Story of Saiunkoku Volume 5 by Sai Yukino and Kairi Yura

This continues to be one of my favorite current shoujo series because it is just so well crafted. It manages to juggle a large cast of handsome men with distinct personalities, and the main character Shurei is one of those rare shoujo girls that inspires total sympathy in the reader. The first story in this volume was hilarious as it provided a nice twist on the somewhat stale plot point of the heroine getting incapacitated by a cold and needing someone to nurse her back to health. Shurei is stuck in bed, with older adopted brother Seiran looking after her. This is necessary, because her father’s attempts at nursing involve burying her beneath over a dozen blankets, and brewing his horrific “special recipe ginger broth.” Shurei’s house soon becomes host to a parade of visitors as Ran and Koyu shows up and Seiran orders them to make something for Shurei to eat before her father destroys the kitchen.
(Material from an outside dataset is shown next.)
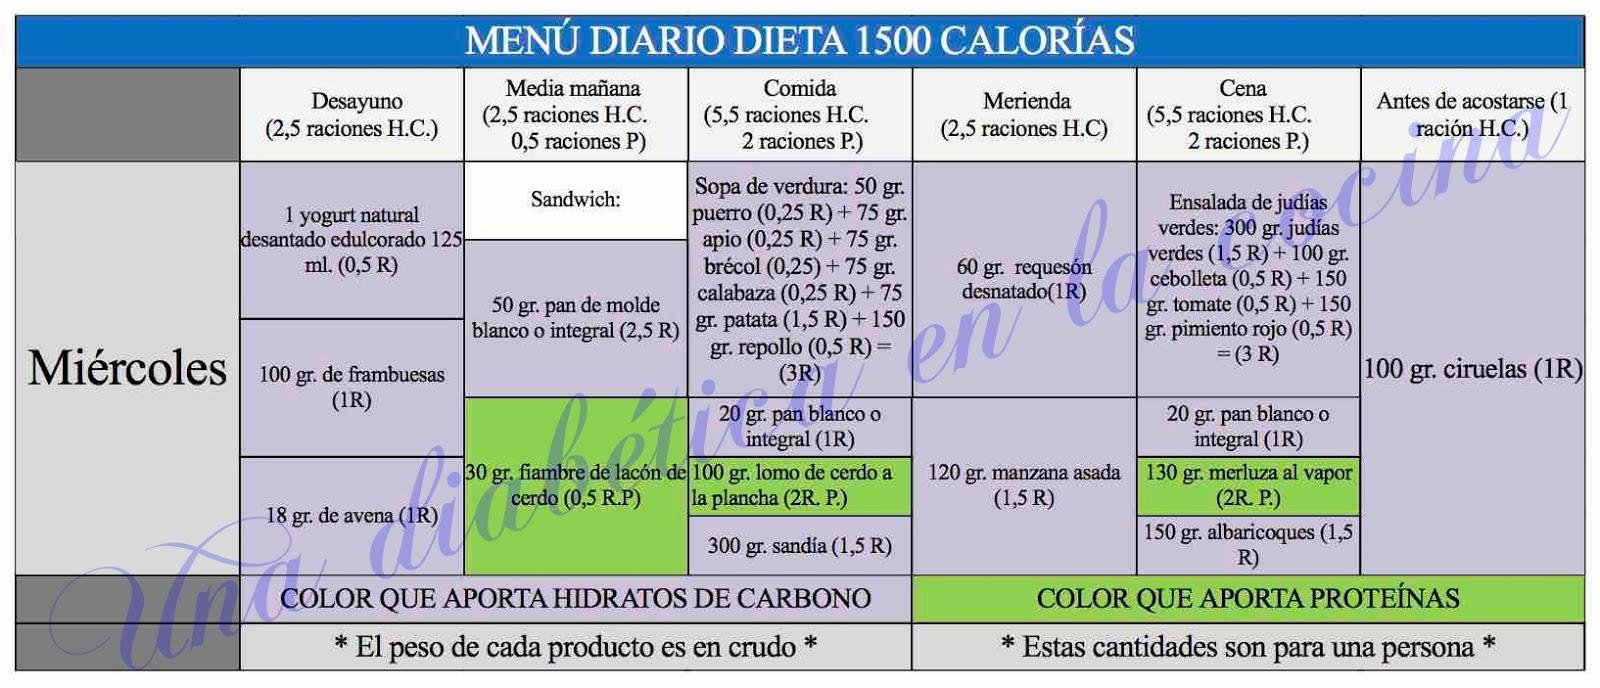 dieta 1500 calorias menu semanal 5 comidas

Minister Ko and Shurei’s secret uncle Reishin lurk outside and even the Emperor manages to sneak into her room to check up on her, with unfortunate results.

A new cast member is introduced when a young scholar comes to town and seems to be a target for a gang. Unfortunately for the gang the boy manifests an entirely different personality when he drinks and handily bests them at gambling and fighting only to lose an important tablet in the process. He wakes up in the most notorious brothel in town, where Shurei just happens to be wrapping up a part-time job. One of the things I love about this manga is the unconventional ways the characters act. Shurei gets a job as an assistant bookkeeper in the red light district and is anxious about hiding her job from her father and Seiran. Unbeknownst to her, her father visits the madam Kocho to ask her to give Shurei the benefit of feminine advice that she’d lack because she’s growing up without a mother, and Seiran makes a similar visit as well. The madam just happens to also be one of the leaders of the criminal syndicate that rules the underworld in the city, and she’s not happy to see that young scholars in town for the civil service exams are getting targeted. The young victim Eigetsu ends up becoming friends with Shurei.

I enjoy the way humor is interlaced with character development in Story of Saiunkoku. In this volume Shurei’s ignorance of her father’s past as a government assassin is played for laughs as she’s utterly confused as to why threatening men near her suddenly fall down or why a table where a couple of misogynists are sitting collapses abruptly. There’s an element of warm humor that is present to some degree in all of the stories, and the way Shurei manages to surround herself with people who care about and support her makes Story of Saiunkoku enjoyable to read.